Slain Philadelphia mob boss Phil (The Chicken Man) Testa was memorialized in song by Bruce Springsteen back in the 1980s. Now, he’ll get the Hollywood treatment and appear on the silver screen. Seasoned character actor Larry Romano will play Testa in The Irishman, the much-anticipated upcoming Martin Scorsese-helmed movie about the relationship between mob hit man, Frank (The Irishman) Sheeran and iconic labor union boss Jimmy Hoffa.
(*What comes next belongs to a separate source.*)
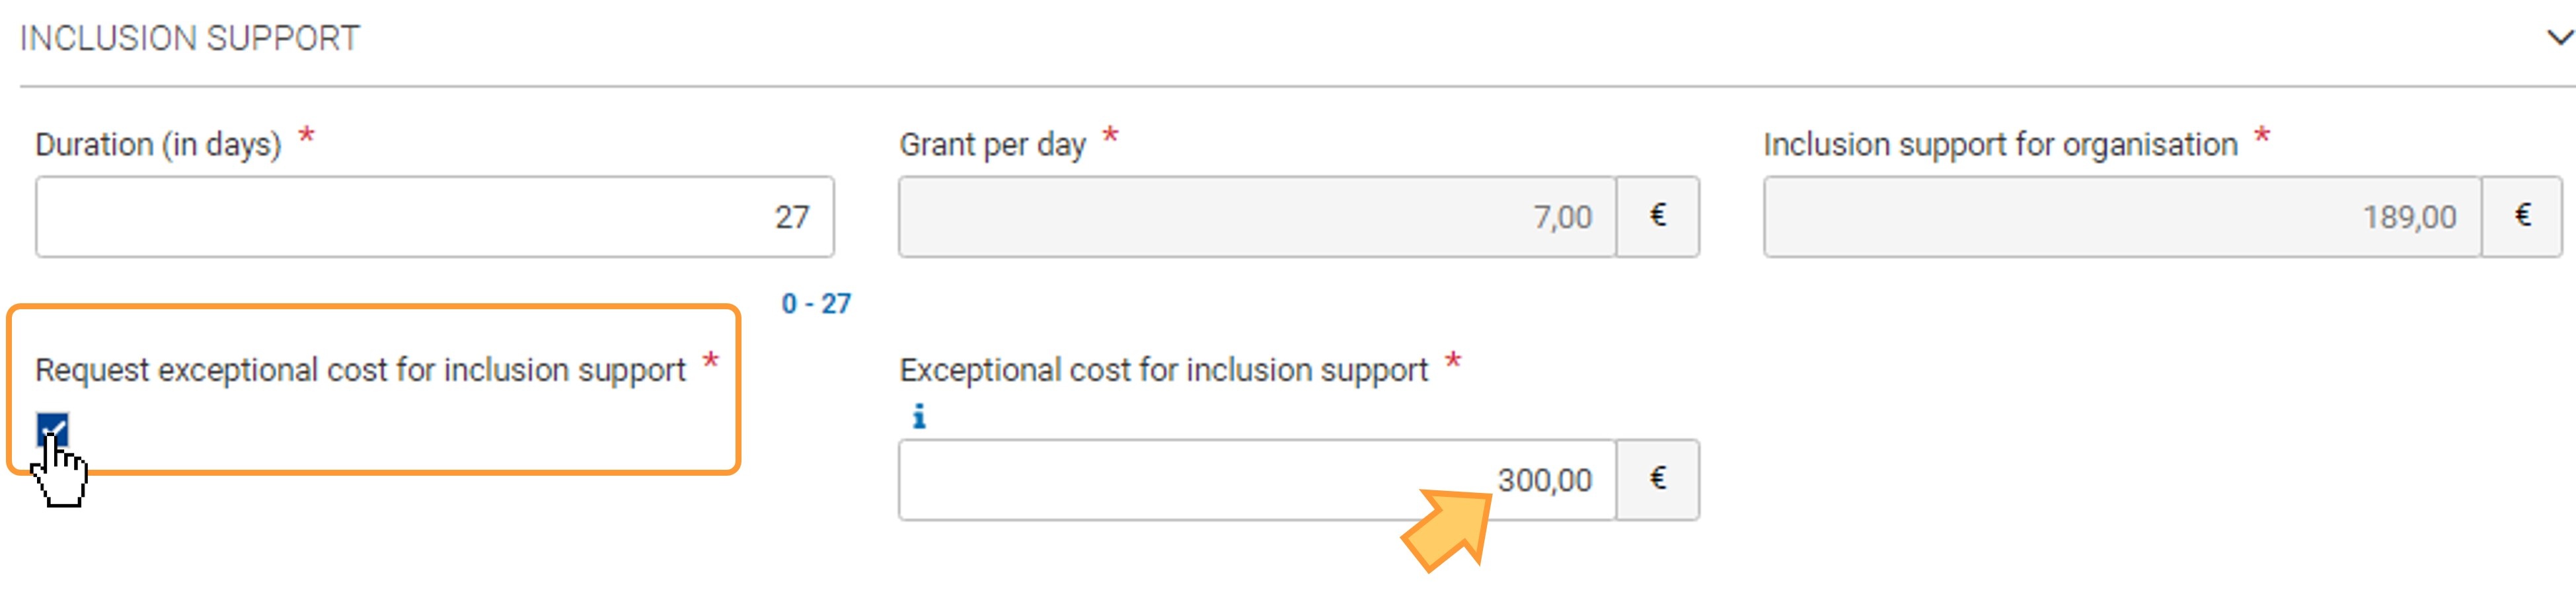 Request exceptional cost for inclusion support flag in ESC51 participations

Romano, 54, is best known for his recurring role on the hit late 1990s-early 2000s CBS sitcom The King of Queens and co-starring roles in the Sylvester Stallone 1989 prison film Lock Up, the 1996 Al Pacino political thriller City Hall and the Pacino and Johnny Depp classic mob-flick Donnie Brasco. Testa, blown to bits by a nail bomb planted underneath his porch in March of 1981 — part of an unsuccessful palace coup launched against his regime –, was one of Sheeran’s direct superiors in the mafia. He was 56 at the time of his death.

Native Garden Stater Bruce Springsteen opens his 1982 song Atlantic City with the line “Well, they blew up the Chicken Man in Philly last night and they blew up his house too.” Testa helped spearhead the darker side of 1970s and 80s casino boom in Atlantic City and got his nickname for his involvement in the wholesale chicken industry. The Philadelphia mafia has traditionally controlled underworld affairs in “AC” and parts of North Jersey. Sheeran was a Teamsters boss in Delaware and worked for Pennsylvania dons Russell Bufalino and Angelo Bruno, who preceded Testa as Godfather of the Philly mob and like the Chicken Man met a violent end (assassinated the year before Testa was) and will appear as a character in The Irishman.
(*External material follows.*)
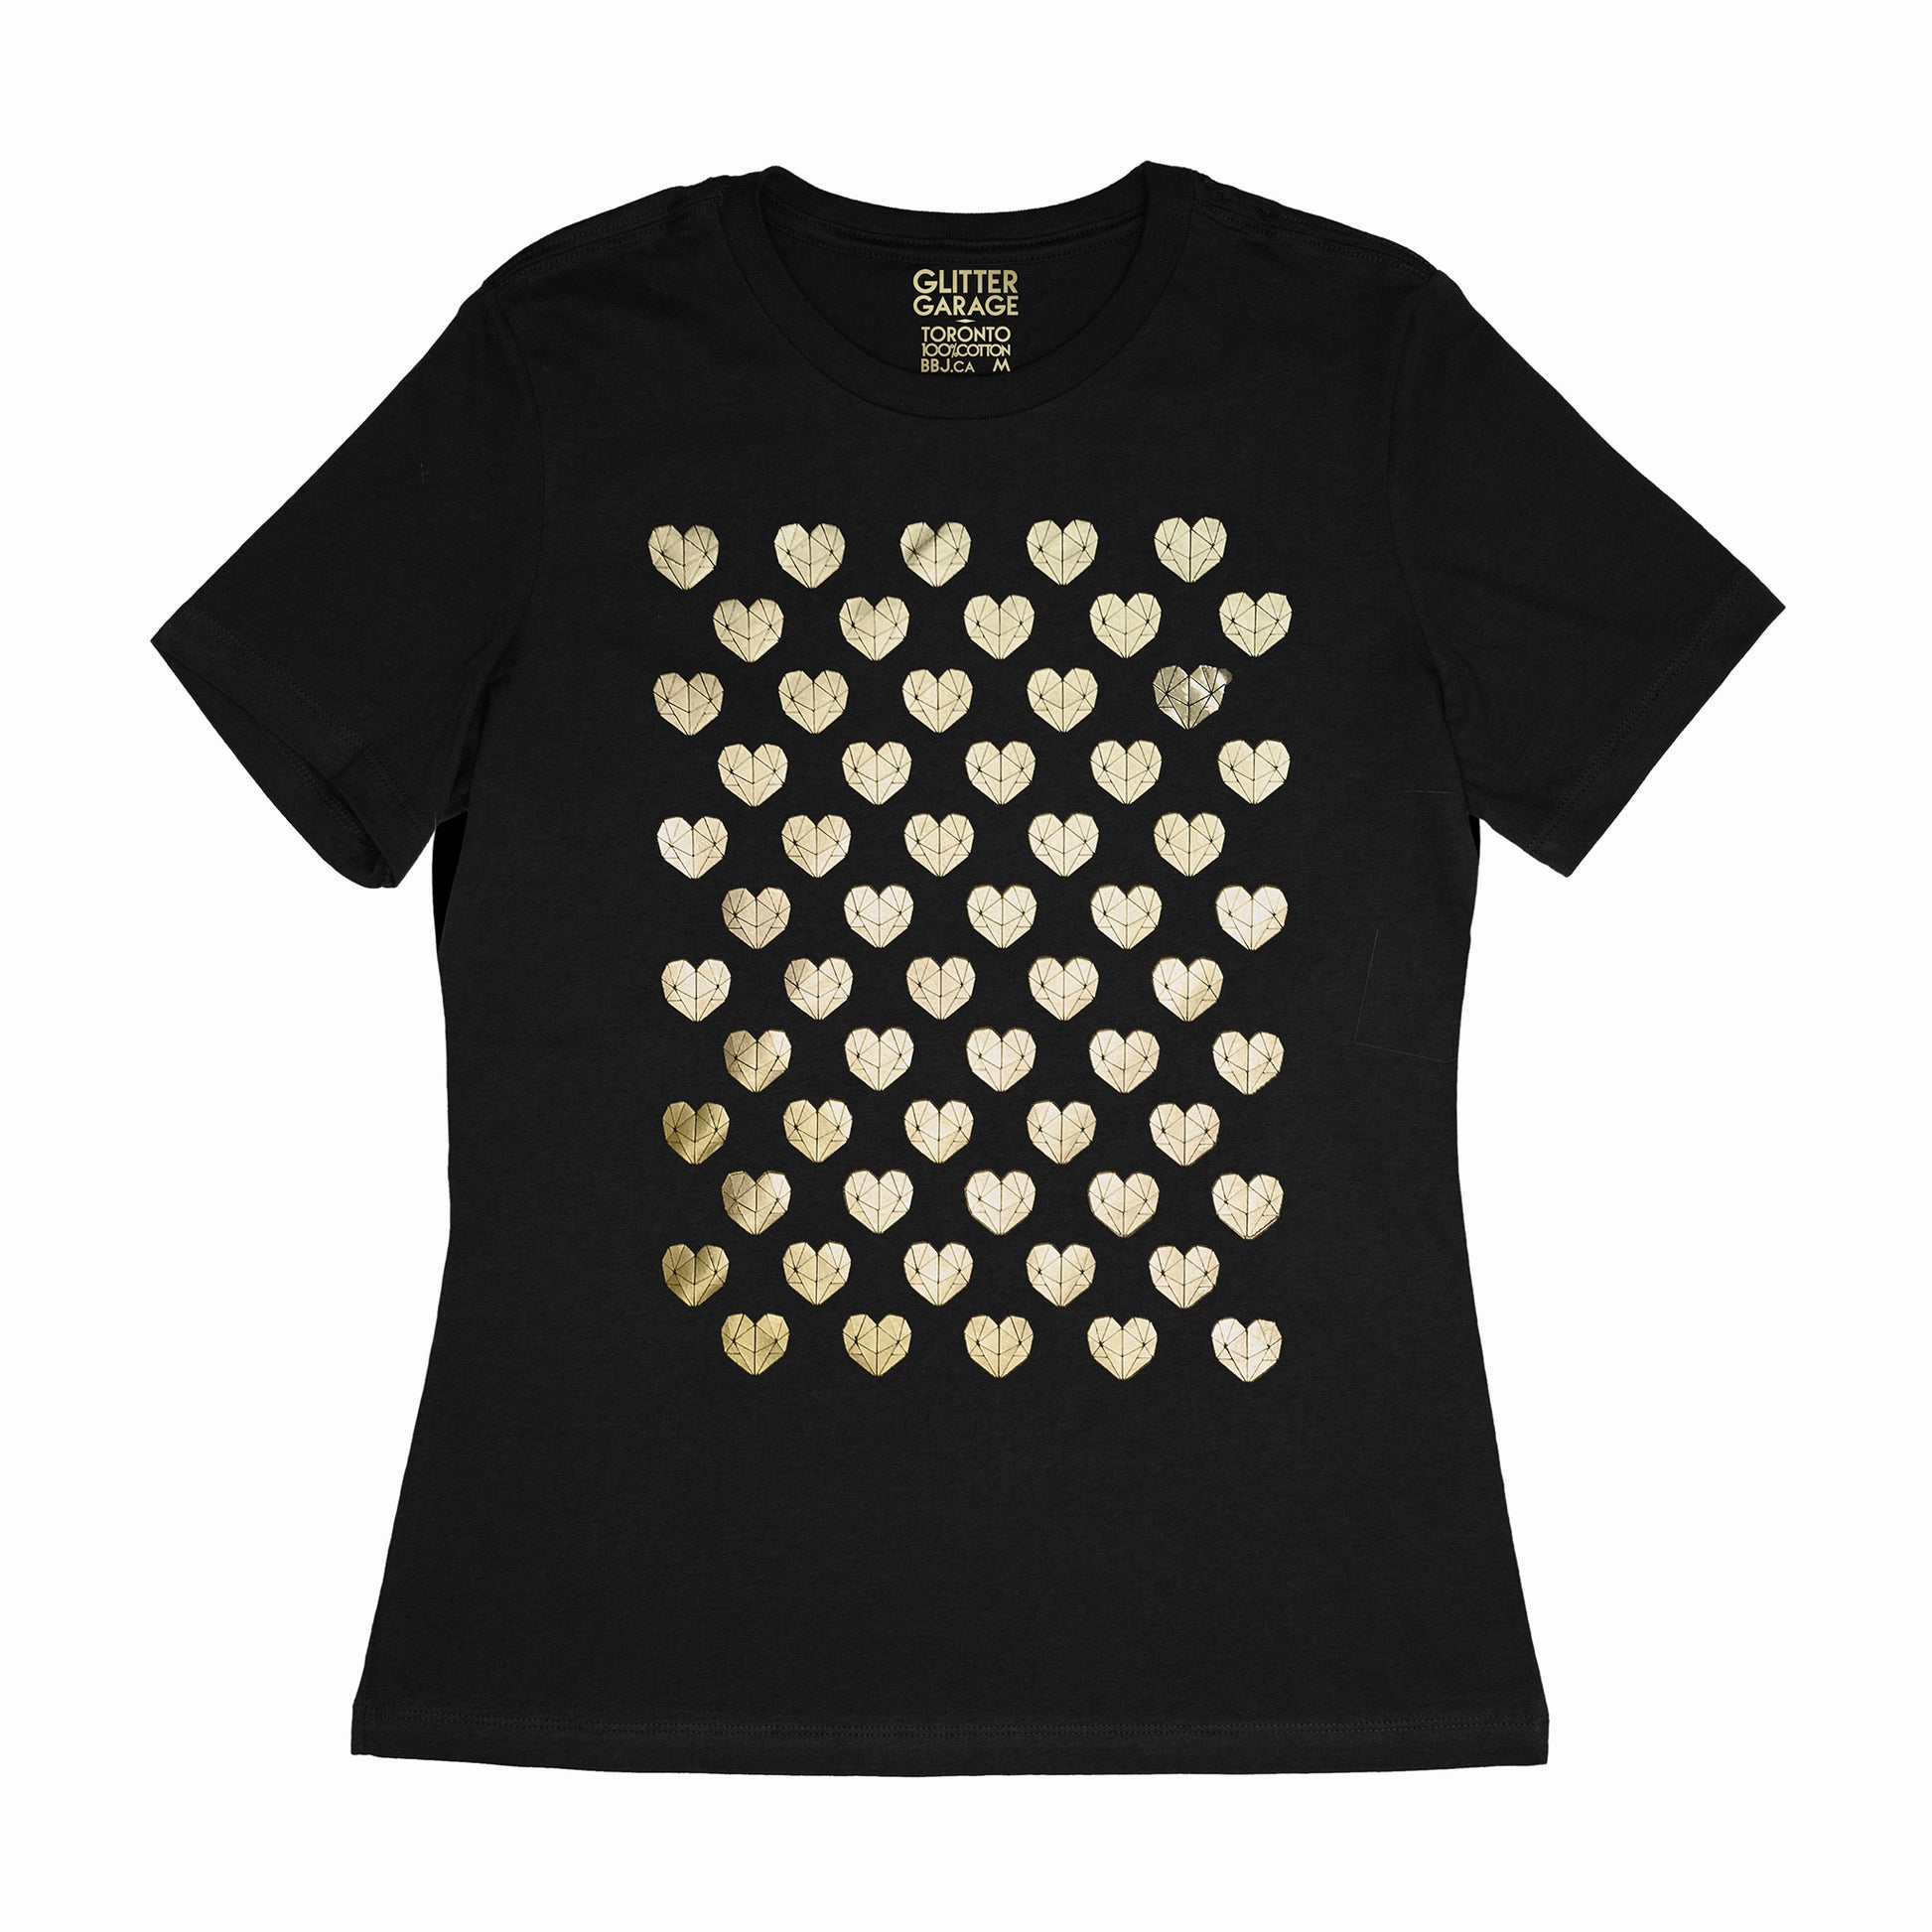 Many Hearts customizable tee - black women's relaxed fit tee with 60 hearts  - gold matte, metallic by BBJ / Glitter Garage

Larry Romano (L) at the height of his TV fame

Hoffa, the stubborn, hard-nosed former president of the Teamsters, vanished from a suburban Detroit restaurant parking lot on the afternoon of July 30, 1975 on his way to a purported peace conference with mobsters representing both mafia factions in Michigan and New York. In the years preceding his kidnapping and murder, Hoffa, 62, engaged in a growing beef with the same organized crime figures whose support and accompanying muscle he rode to the union’s presidency in the 1950s. Nobody has ever been charged or even arrested in the case.
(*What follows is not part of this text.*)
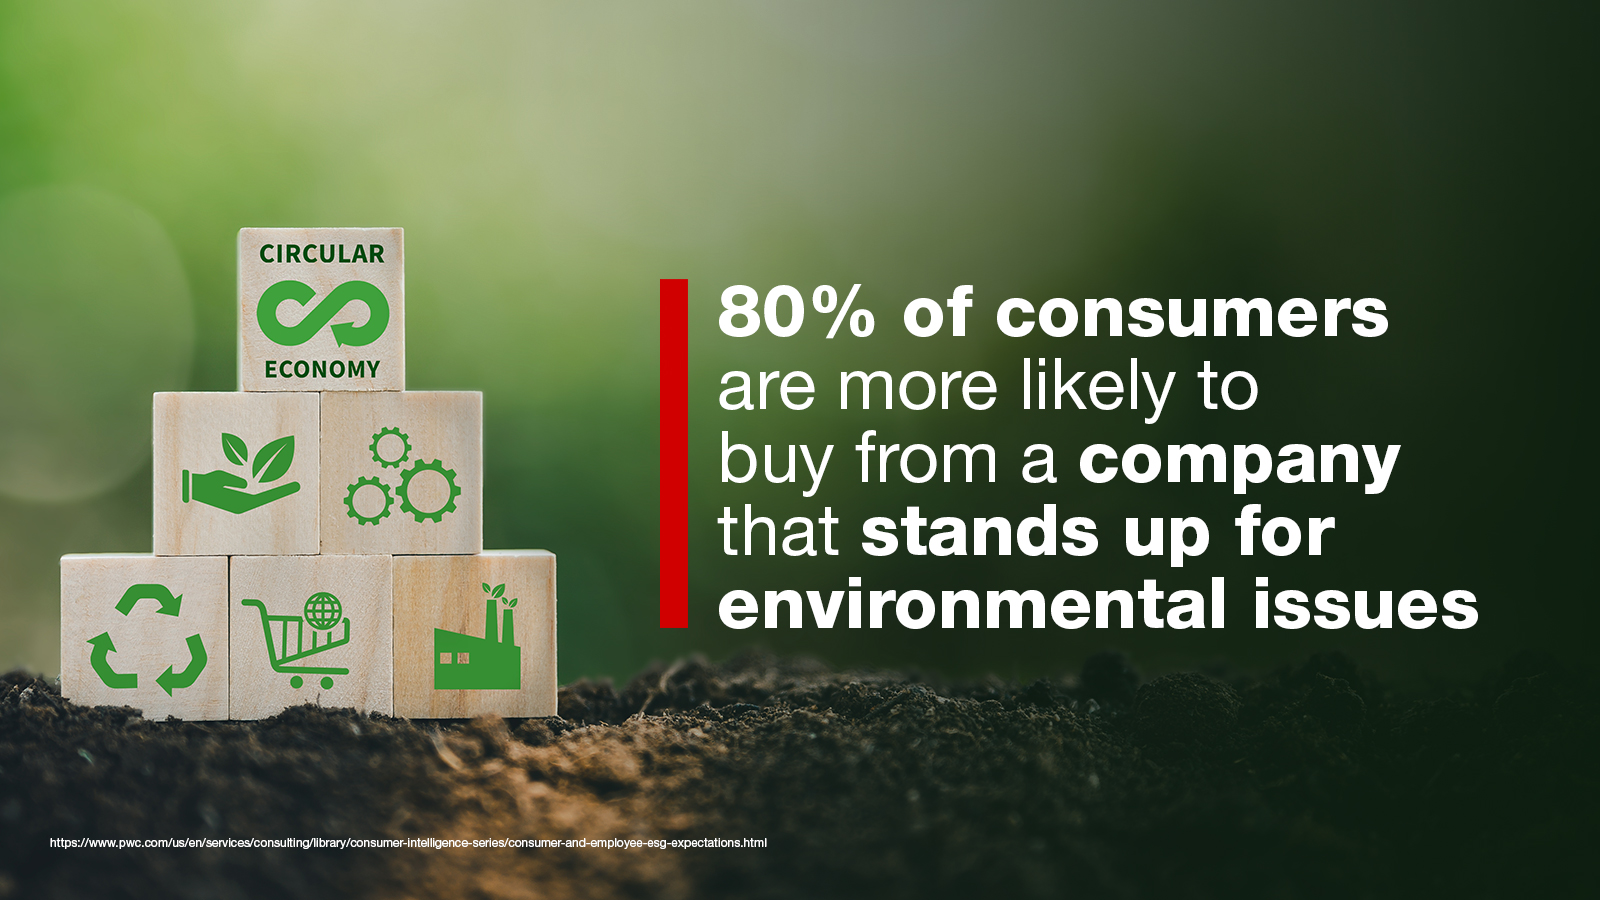 80% of consumers are more likely to buy from a company standing up for environmental issues

Scorsese has collected a star-studded ensemble for his adaption of Charles Brandt’s 2004 best-selling book, I Heard You Paint Houses, in which Sheeran claims to have been the man who shot and killed Hoffa on his deathbed. Robert De Niro will play Sheeran and Pacino is cast as Hoffa. Harvey Keitel will play Bruno and Joe Pesci is portraying Bufalino. Cameras are already rolling on the 100-million dollar Netflix production expected to have a limited theatre run next year. De Niro, Pesci and Keitel are frequent Scorsese collaborators, however The Irishman will be the first time Scorsese and the equally-beloved Pacino work together.